## DATA BLOCK:
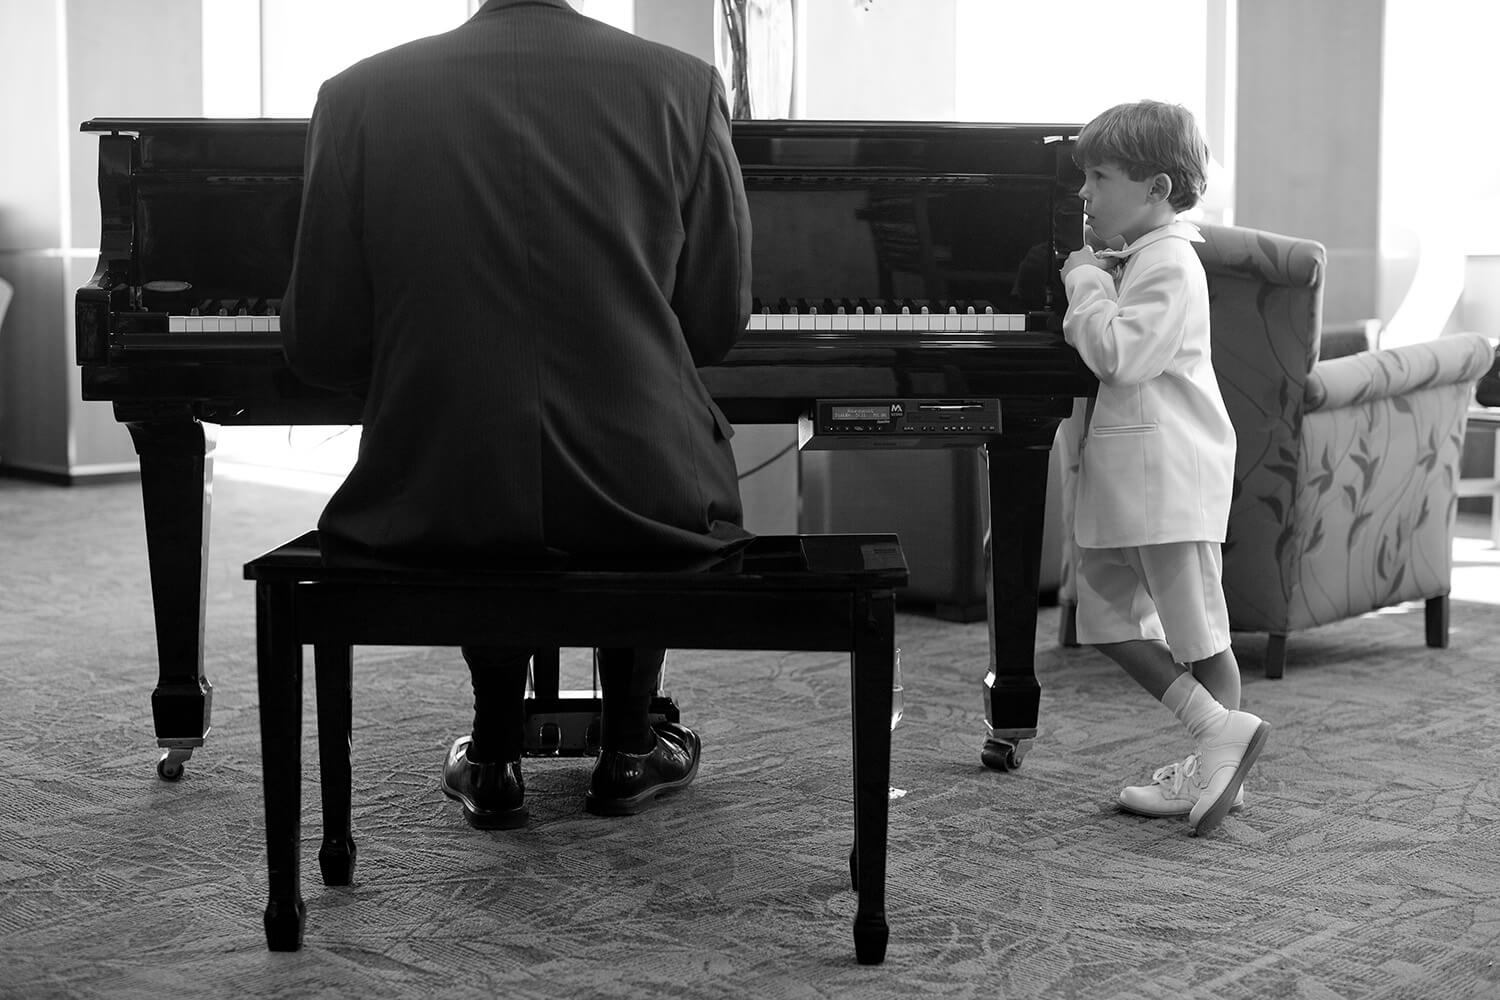 Wedding Music + Entertainment - Scott Graham Piano
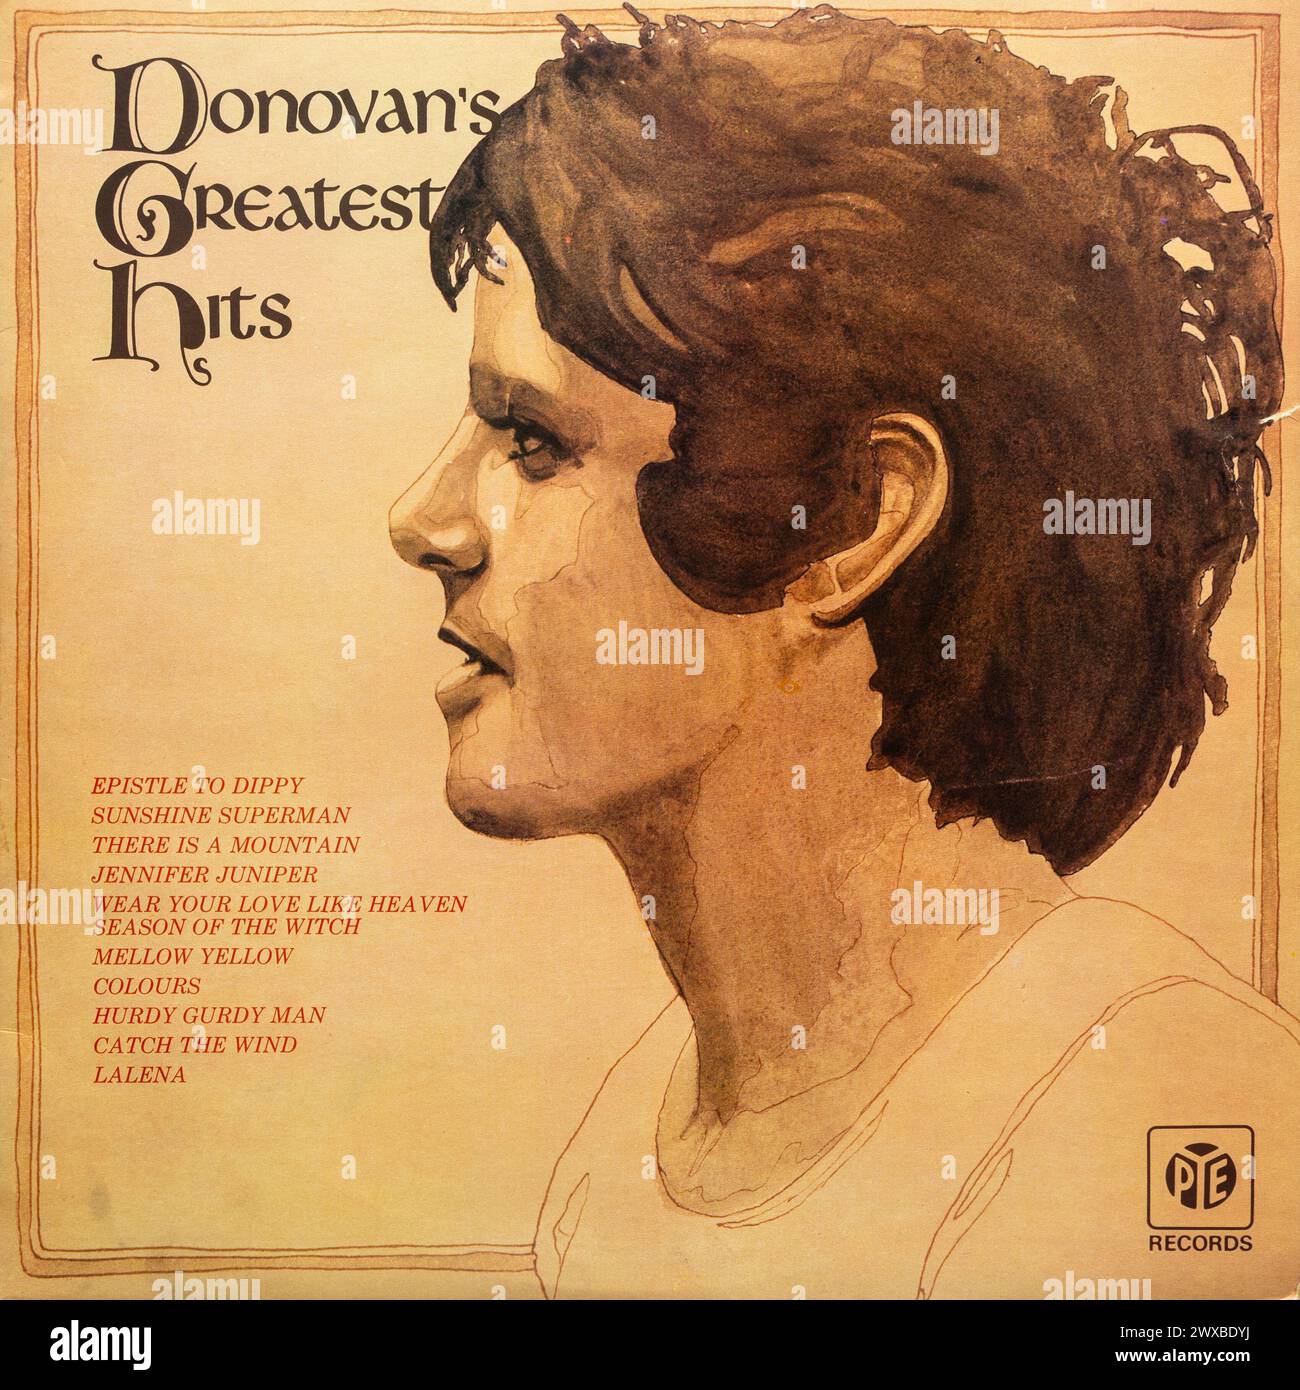 Donovan's Greatest Hits vinyl LP record album cover Stock Photo
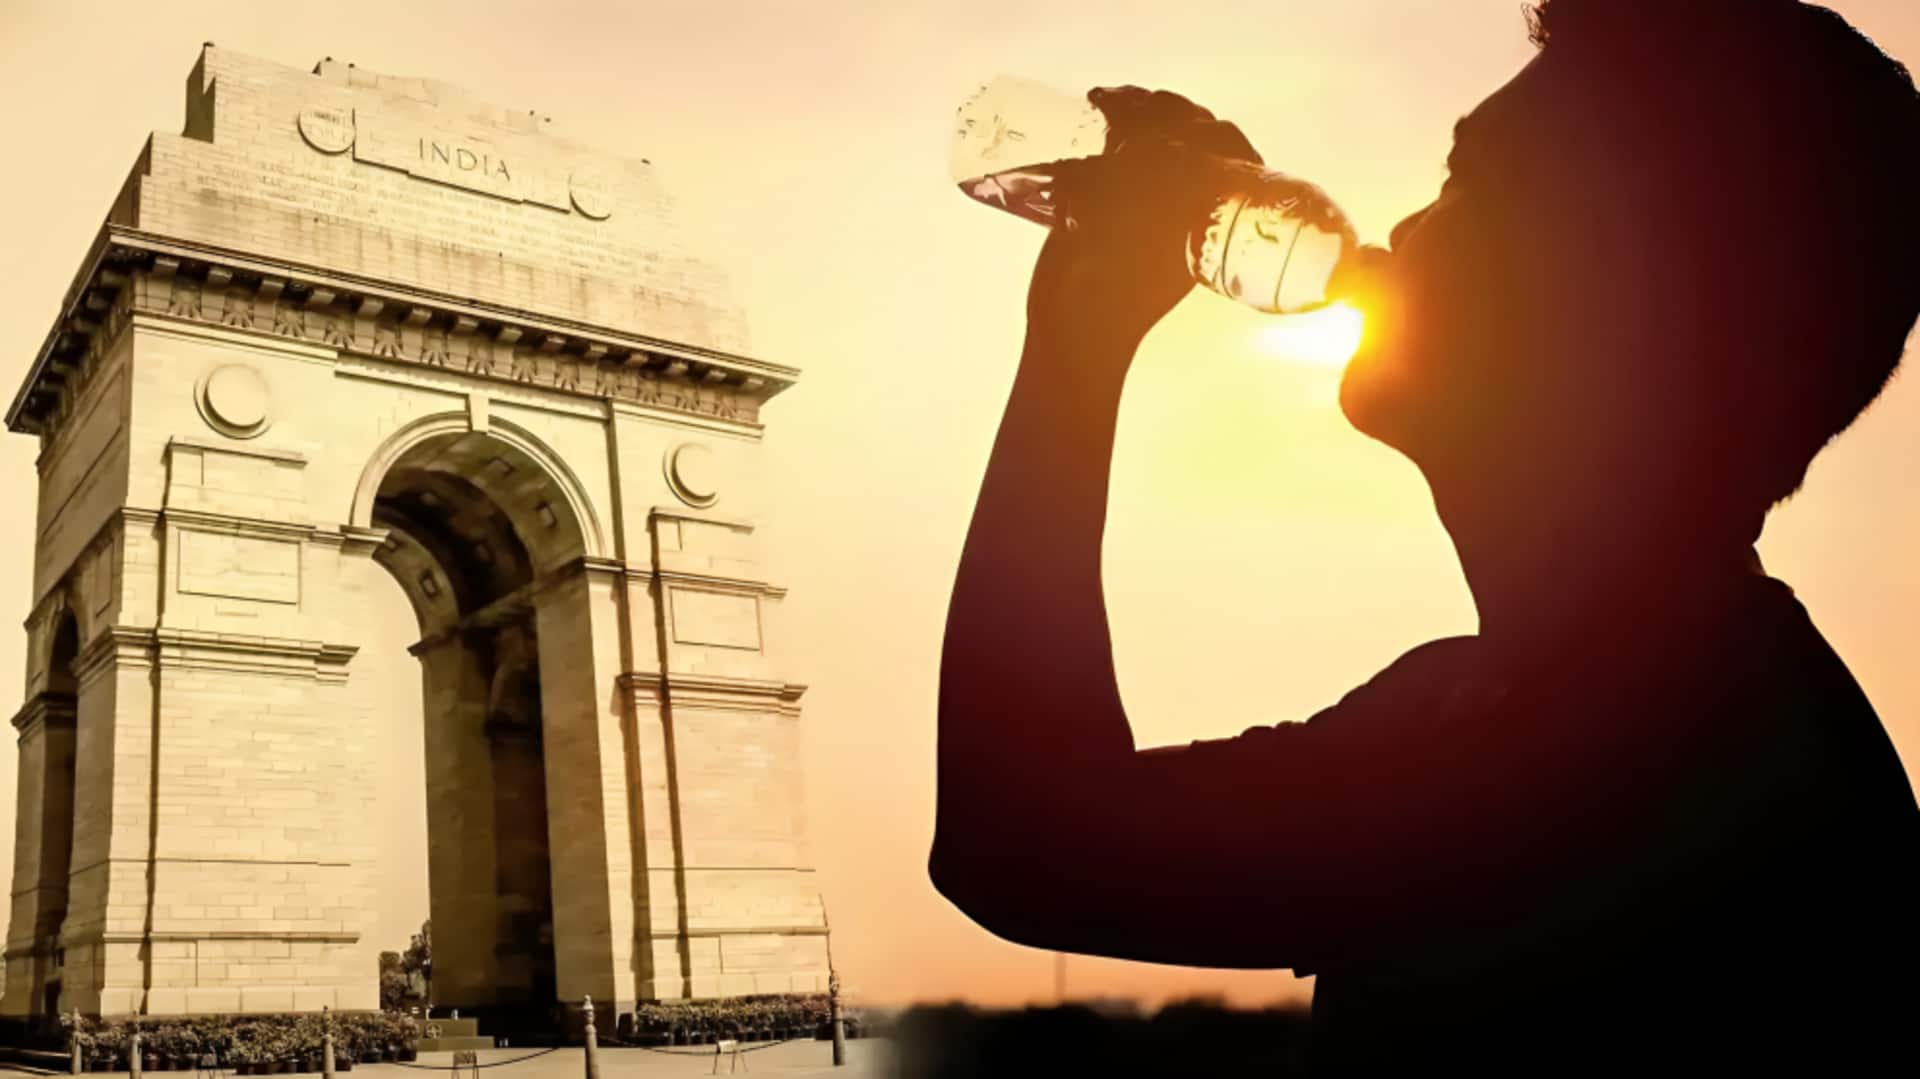 दिल्ली: मार्च में पिछले 4 साल में सबसे कम गर्मी रही; रातें ठंडी, दिन गर्म
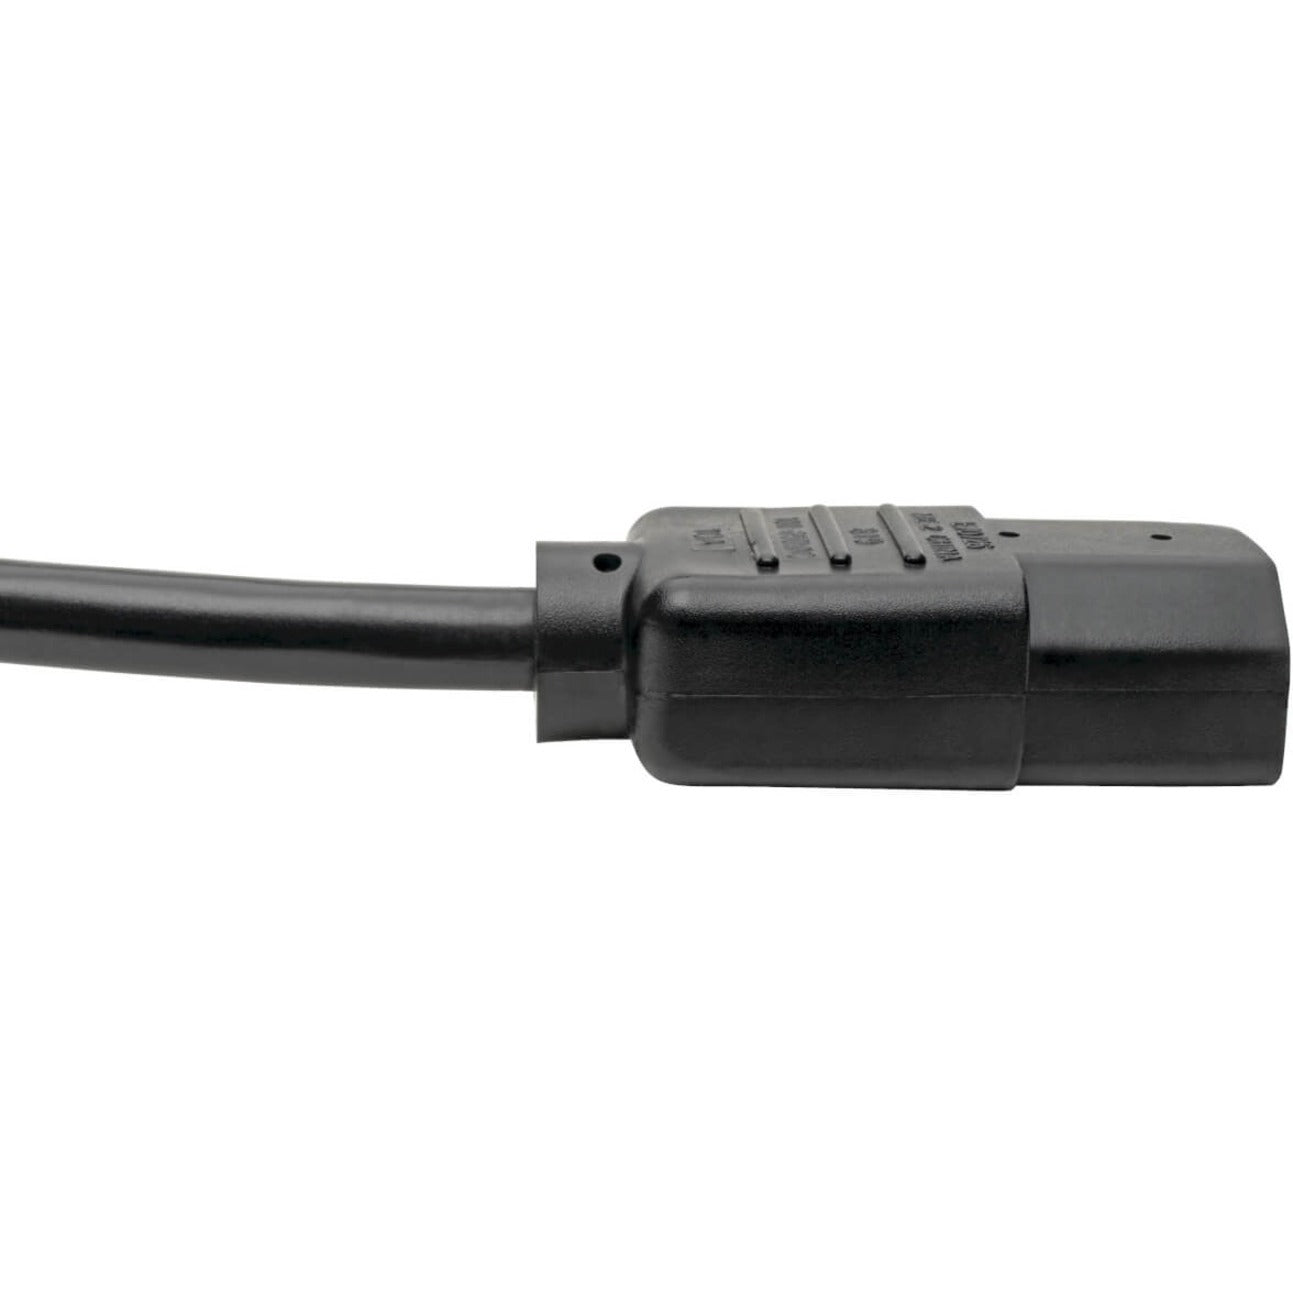 Tripp Lite P004-010 Power Cord, 10-ft. 18AWG IEC-320-C14 to IEC-320-C13, Lifetime Warranty

## WHAT TO DO:
Pictures stay out. Copy exactly, and only, the lines from the one containing "दिल्ली: मार्च में" through the end of the data.

## ANSWER TO THIS EXERCISE:
 दिल्ली: मार्च में पिछले 4 साल में सबसे कम गर्मी रही; रातें ठंडी, दिन गर्म
 Tripp Lite P004-010 Power Cord, 10-ft. 18AWG IEC-320-C14 to IEC-320-C13, Lifetime Warranty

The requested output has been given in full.